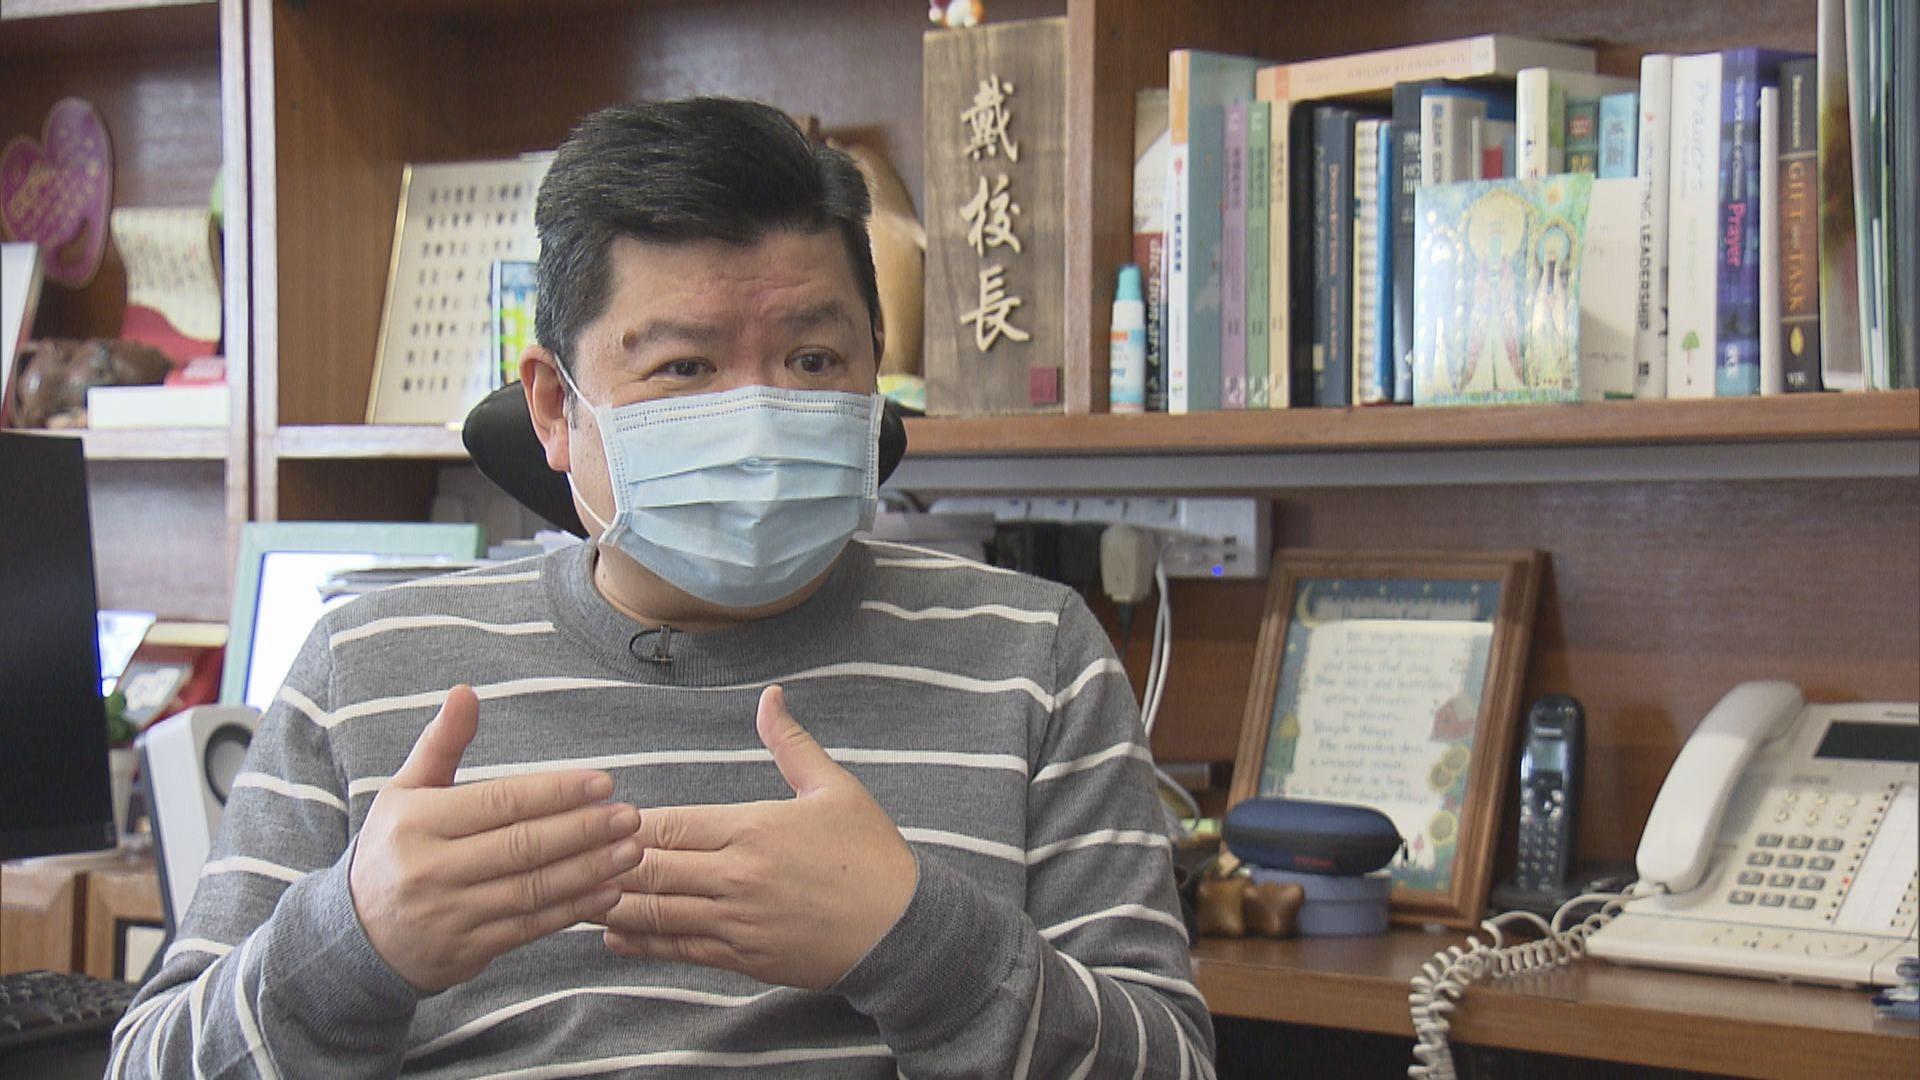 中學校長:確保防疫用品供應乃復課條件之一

...

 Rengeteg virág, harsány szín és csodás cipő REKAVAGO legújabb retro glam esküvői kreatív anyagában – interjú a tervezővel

* * *

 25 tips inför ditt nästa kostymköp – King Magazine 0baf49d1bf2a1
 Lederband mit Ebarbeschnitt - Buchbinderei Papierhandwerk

| Action item |
Transcribe the records above exactly, beginning at the line that contains "25 tips inför" and ending with the line that contains "Lederband mit Ebarbeschnitt", both included, and nothing else.

| Result for this exercise |
 25 tips inför ditt nästa kostymköp – King Magazine 0baf49d1bf2a1
 Lederband mit Ebarbeschnitt - Buchbinderei Papierhandwerk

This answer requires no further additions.